Neuer Finanzierungsvertrag

Rektor will Uni-Finanzen umkrempeln  [06.02.15]

Weniger Bürokratie, weniger Kettenverträge, mehr Arbeitskraft für Fakultäten und Lehrstühle: Rektor Dabbert will die Möglichkeiten der neuen Unifinanzierung zur Rundum-Erneuerung der Finanzströme in Hohenheim nutzen. Der Senat der Universität begrüßte die Pläne in einer Stellungnahme vergangenen Mittwoch.

 

Zusammen mit allen Landesunis protestierte Hohenheim vergangenen Sommer gegen die befürchteten Sparpläne der Landesregierung. Das Ergebnis ist der sogenannte Hochschulfinanzierungsvertrag, der regelt wie viel Geld die Hochschulen die kommenden fünf Jahre bekommen.
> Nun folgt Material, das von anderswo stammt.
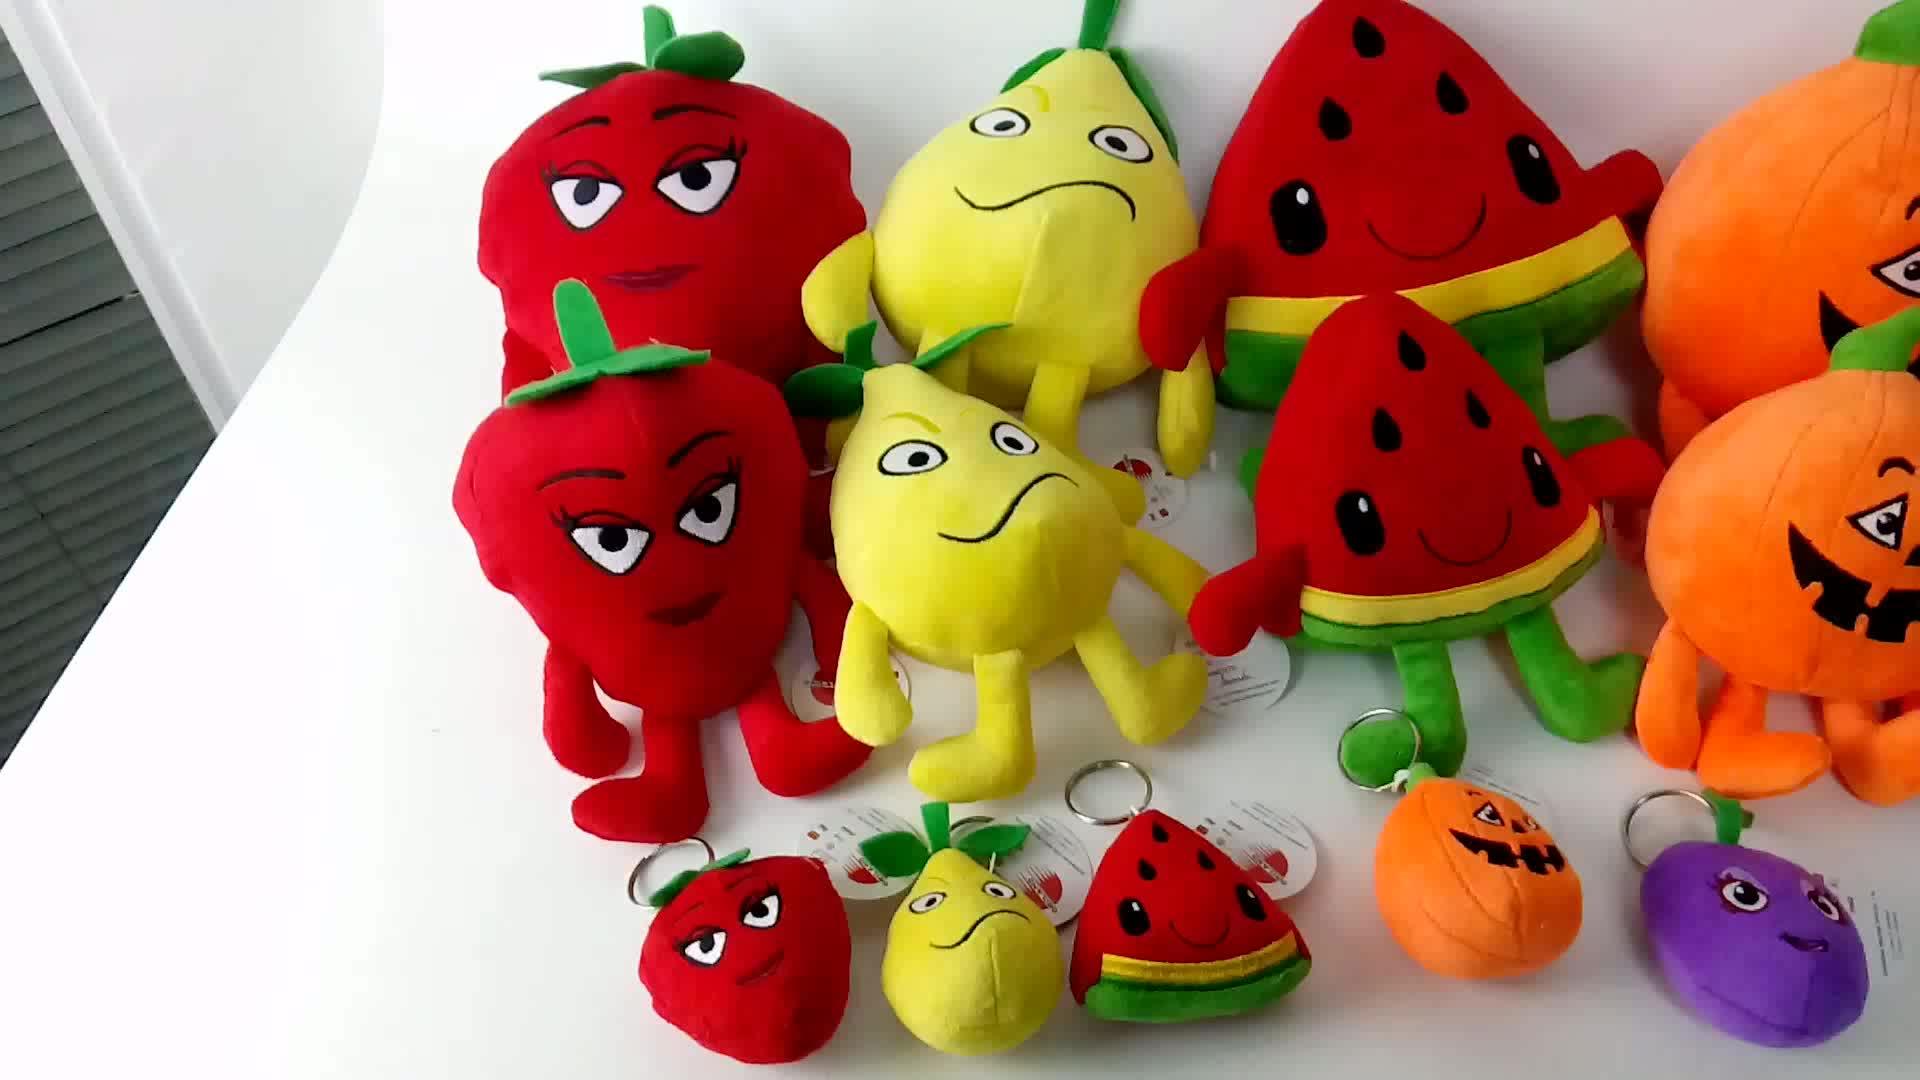 Мягкие плюшевая игрушка брелок милые оранжевые фруктовые игрушки брелок

Die gute Nachricht: es ist nicht weniger. Die schlechte: es ist auch nicht viel mehr.

Ein besonderes Plus aus Sicht des Rektors: Statt vielen verschiedenen Einzeltöpfchen mit Sonderregeln und eigener Verwaltung bekommt jede Uni künftig einen einzigen Scheck vom Land. Das spare Zeit, Geld, Verwaltungsarbeit und setze Arbeitskraft frei – auch in Hohenheim.

Hochschulfinanzierungsvertrag (HoVF)

Am 9. Januar unterschrieben Ministerpräsident Kretschmann und alle Rektoren eine Abmachung, die festlegt, wie viel Geld die Hochschulen bis 2020 jährlich bekommen. Wirklich bindend ist das Papier juristisch gesehen jedoch nicht.

Die Kurzbewertung des Rektorates:

  • Finanzen: sichern Status Quo. Für Hohenheim dürfte das Budget weit genug ansteigen, um Tarifsteigerung und Inflation auszugleichen. Eventuell bleibt ein leichtes Plus.
  • Höherer Bauetat: bringt leichte Entlastung. Sicher ist allerdings, dass sich der ganze Sanierungsstau mit  bei allen Hochschulen nicht auflösen lässt. In Hohenheim hofft das Rektorat jedoch auf leichte Verbesserung der marodesten Campusteile.
  • Weniger Bürokratie: Echter Gewinn. Die verwaltungsintensiven Sondermittel wie QSM, 2012- und 2016-Mittel werden dauerhaft in den Grundhaushalt überführt. Das setze Ressourcen für die eigentlichen Aufgaben der Uni frei.

Rektor: „Vorteile an Uniangehörige weitergeben“

Das Rektorat will das nutzen und die verwickelten Finanzströme in Hohenheim vereinfachen. Im Kern lauten die Ziele des Rektors:

  • Bürokratie abbauen
  • Dauerstellen für Daueraufgaben schaffen (nichtwissenschaftlicher Bereich, wissenschaftlicher Bereich s.u.)
  • Ressourcen für Fakultäten und Lehrstühle erhöhen

Darüber will der Rektor zwei Bedingungen stellen:

  • Lehrqualität sichern oder steigern
  • Forschung fördern

Laut Rektorat diktiert der Hochschulfinanzierungsvertrag den Universitäten noch eine weitere Hausaufgabe: Arbeitsverträge in der Wissenschaft müssen forschungs- und mitarbeitergerechter gestalten werden.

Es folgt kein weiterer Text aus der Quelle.